WHAT IS REQUIRED.
Repeat the listing that follows, character for character, minus the pictures.

SOURCE MATERIAL.

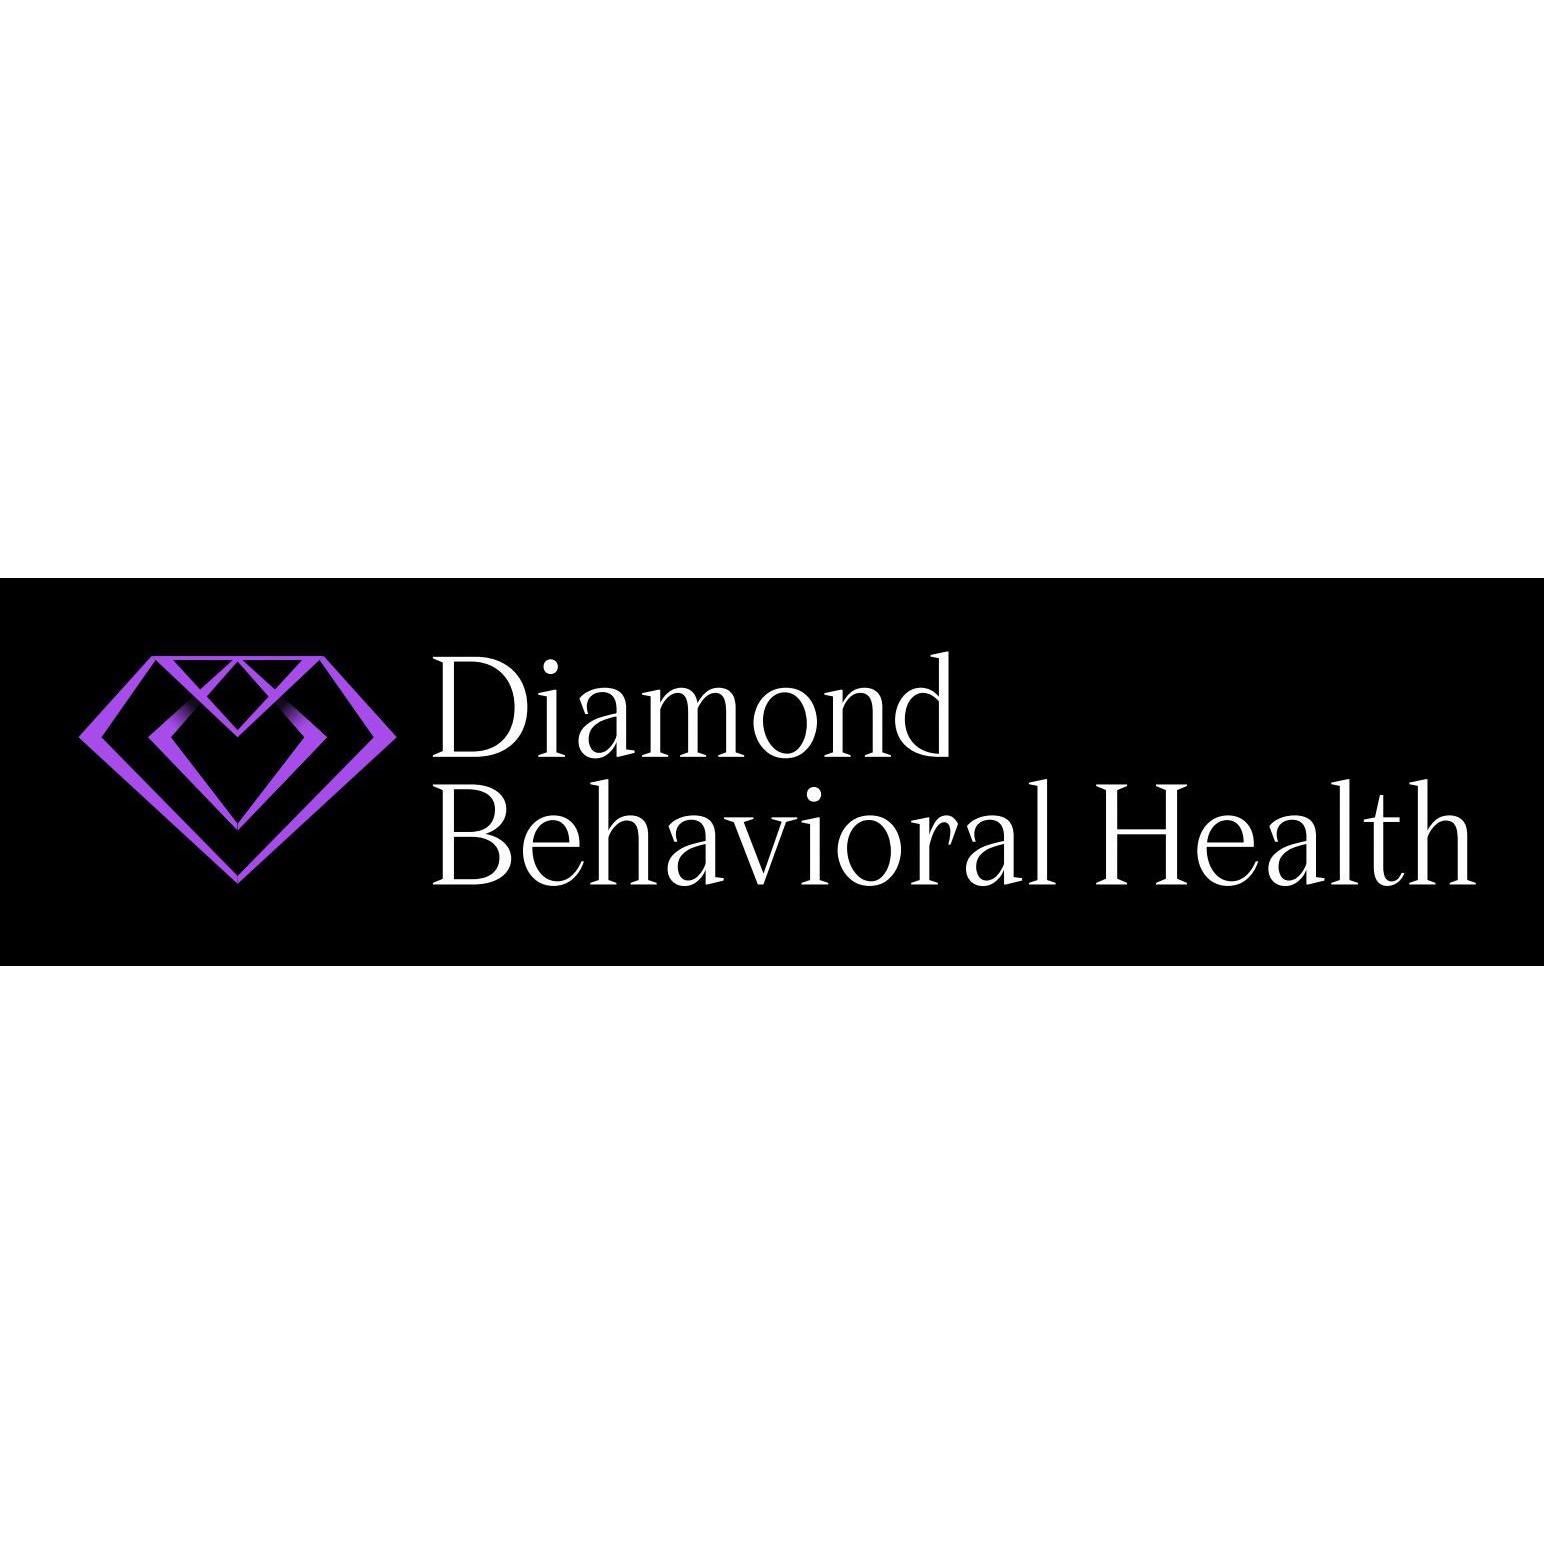 Diamond Behavioral Health - Palm Beach Gardens, FL 33403 - (561)785-0925 | ShowMeLocal.com
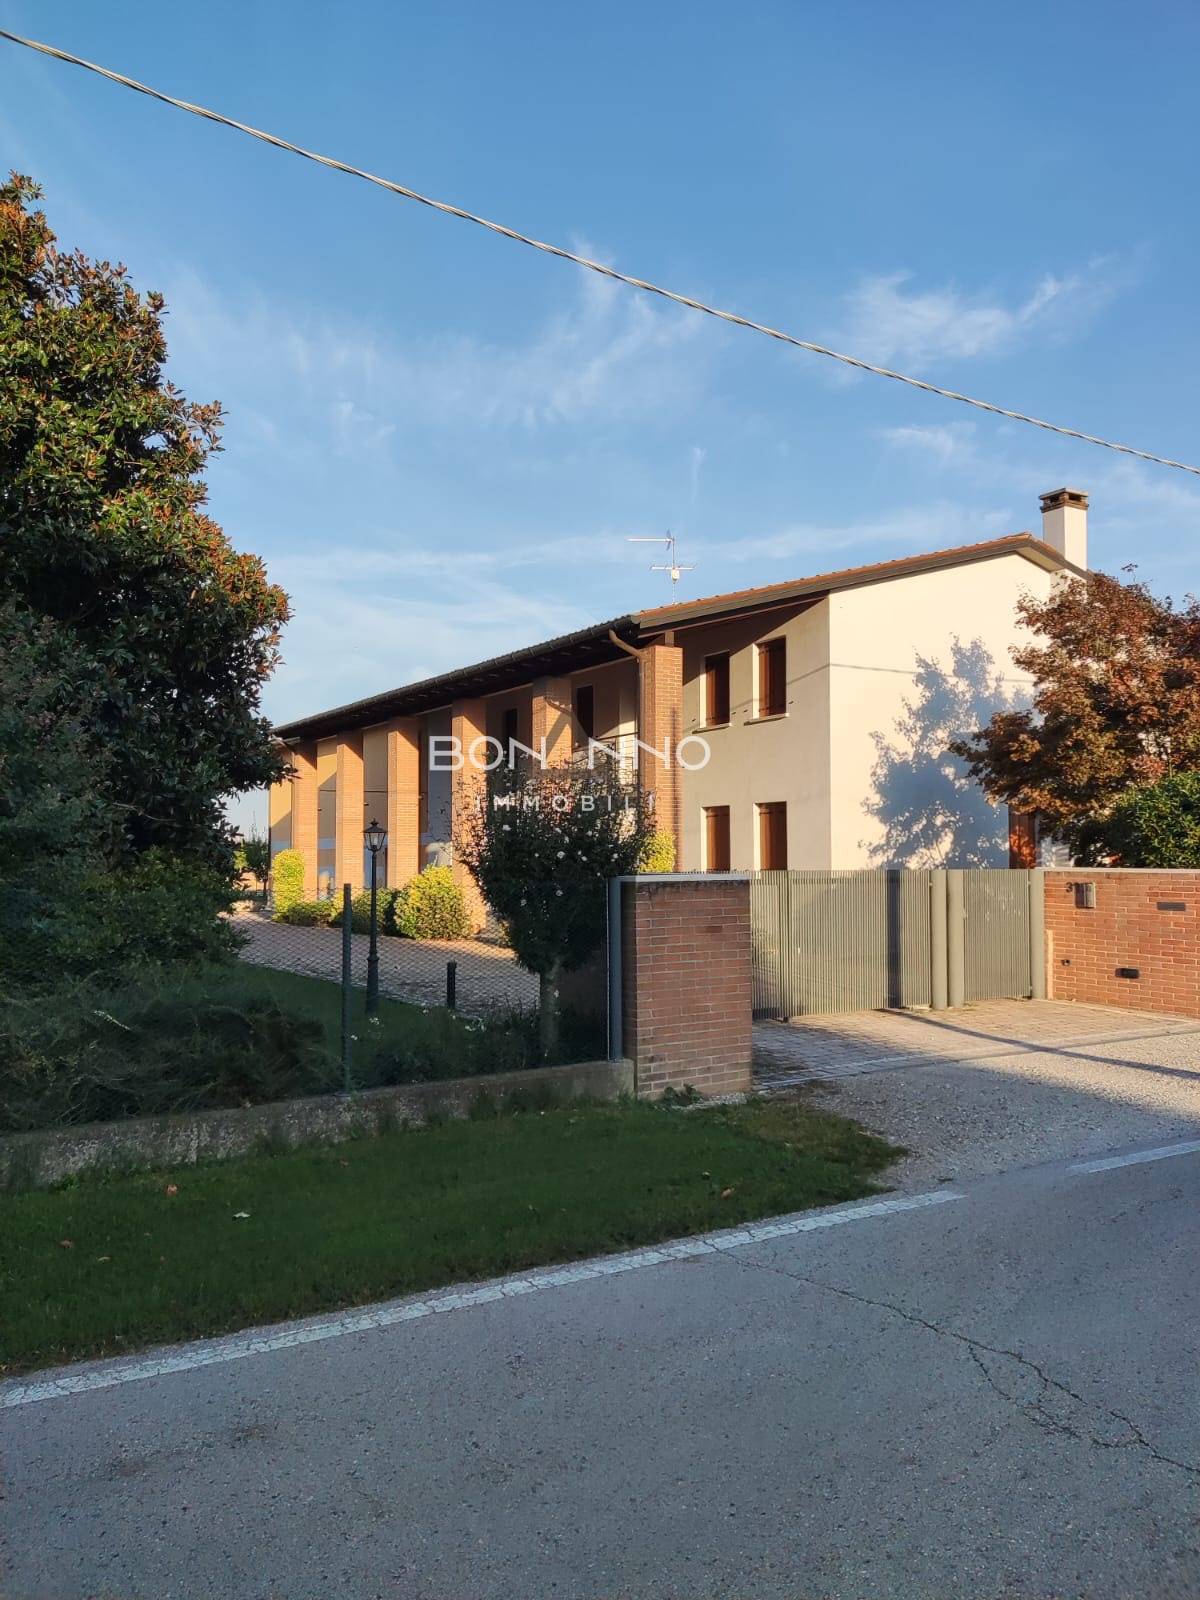 Villa in vendita a Camposampiero, 8 locali, zona ega, prezzo € 499.000 | PortaleAgenzieImmobiliari.it
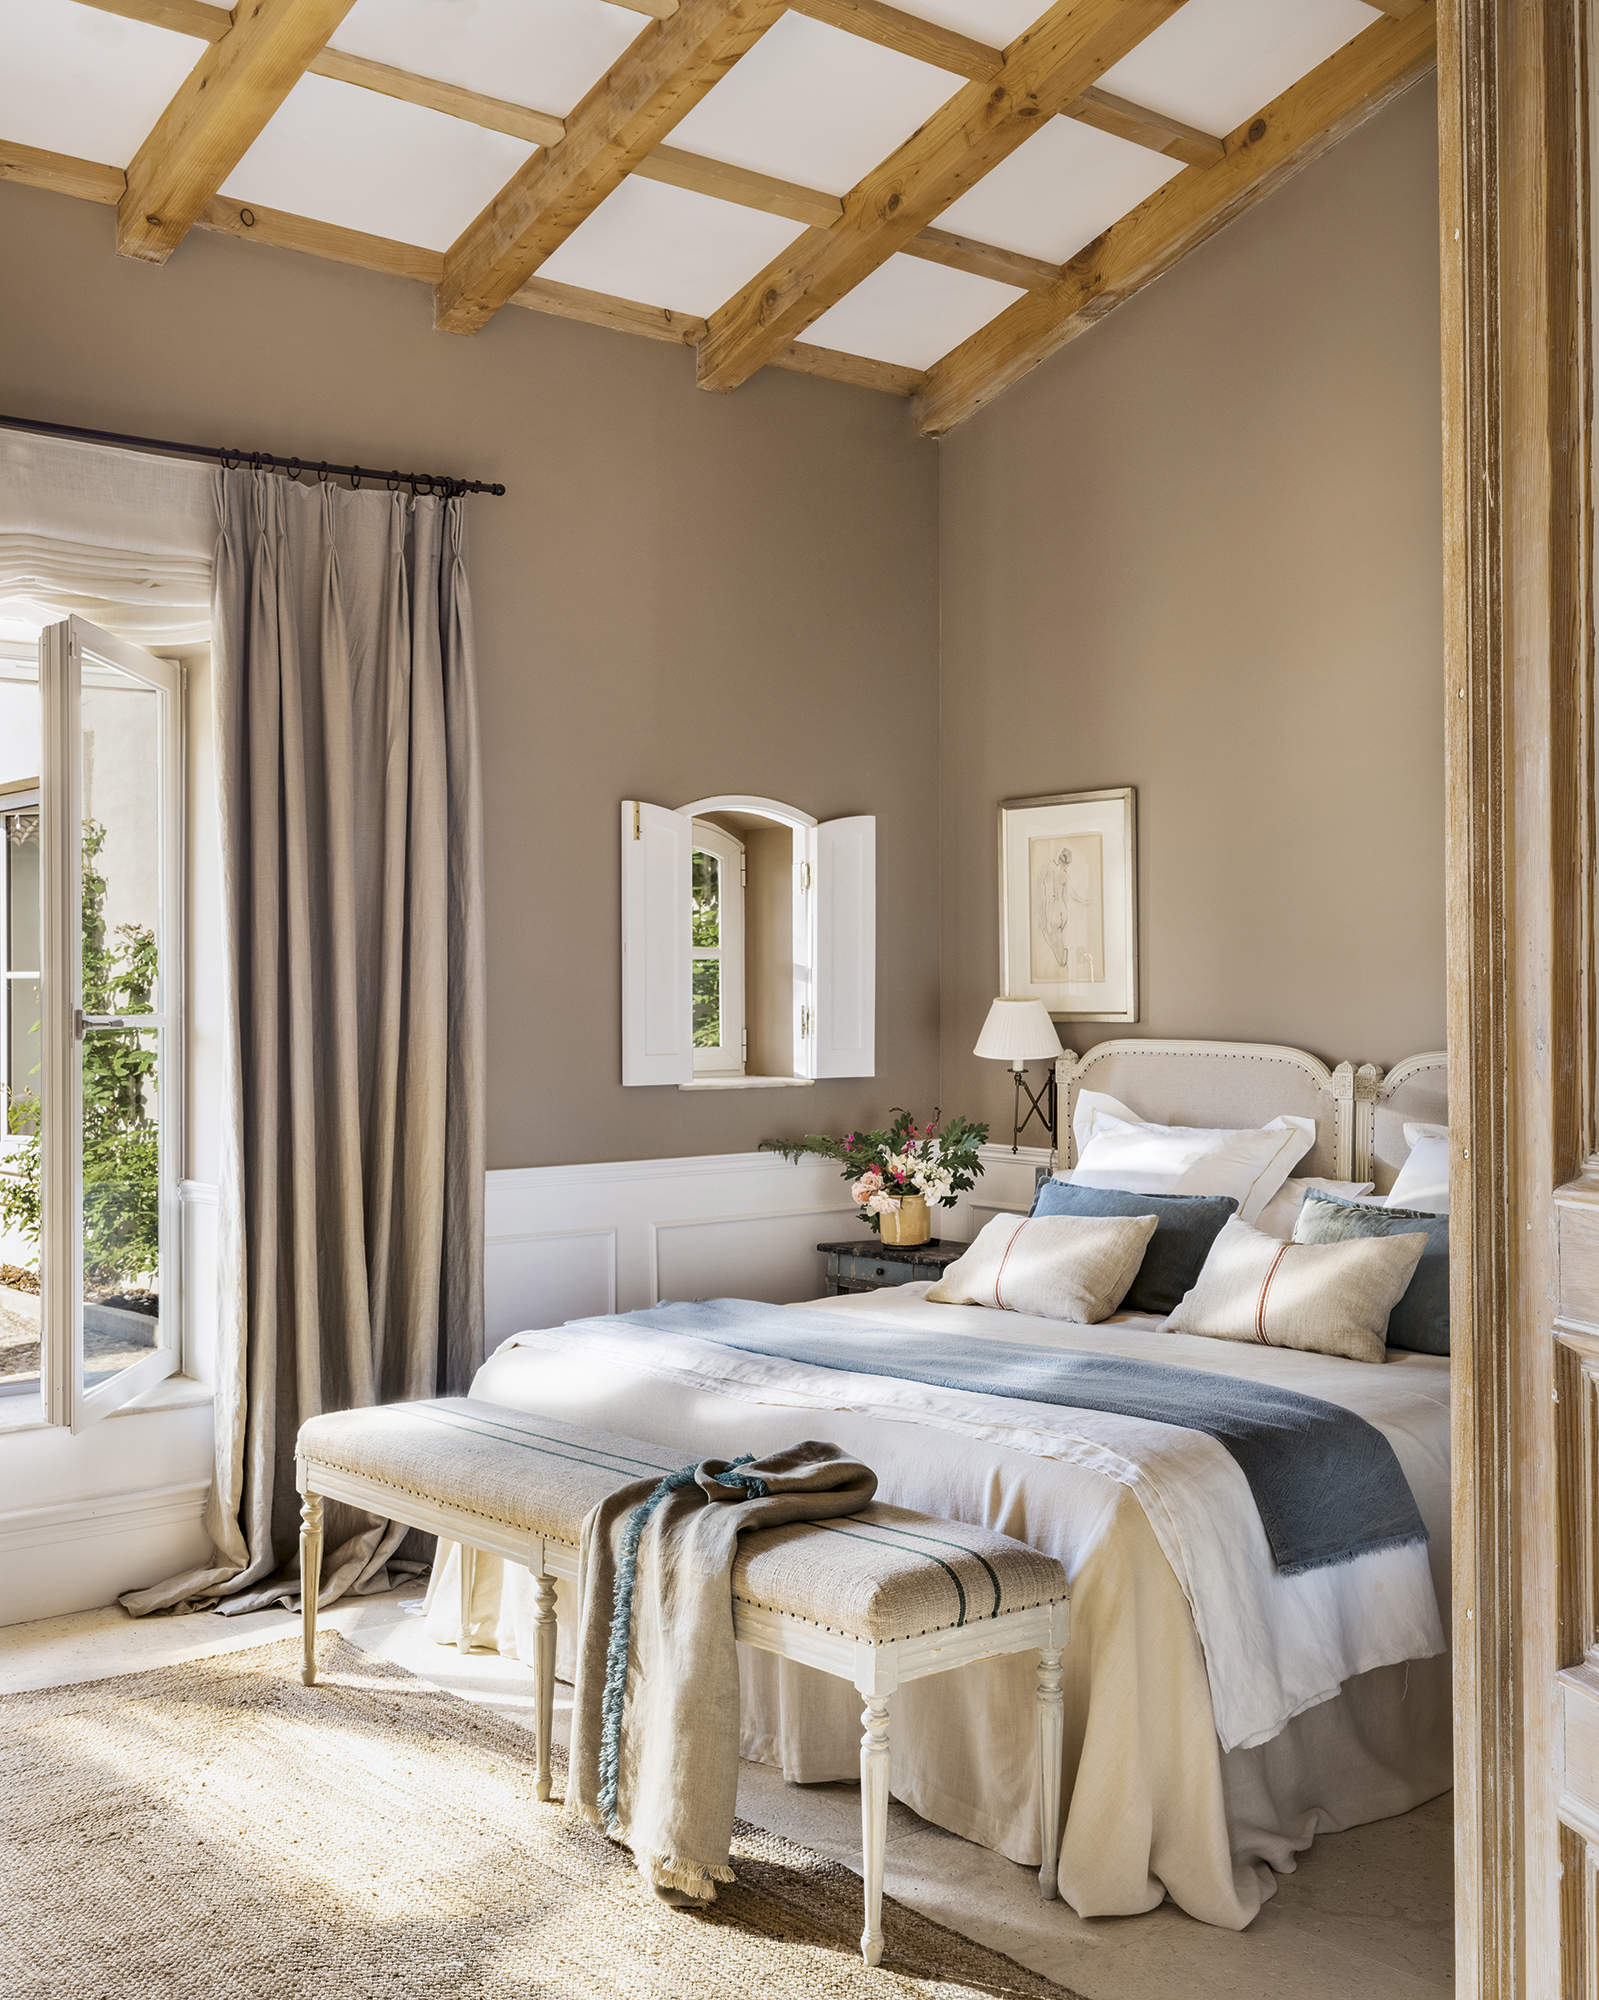 Dormitorio con vigas de madera, cabecero restaurado, cortinas de lino y arrimaderos blancos

EXERCISE SOLUTION.
 Diamond Behavioral Health - Palm Beach Gardens, FL 33403 - (561)785-0925 | ShowMeLocal.com
 Villa in vendita a Camposampiero, 8 locali, zona ega, prezzo € 499.000 | PortaleAgenzieImmobiliari.it
 Dormitorio con vigas de madera, cabecero restaurado, cortinas de lino y arrimaderos blancos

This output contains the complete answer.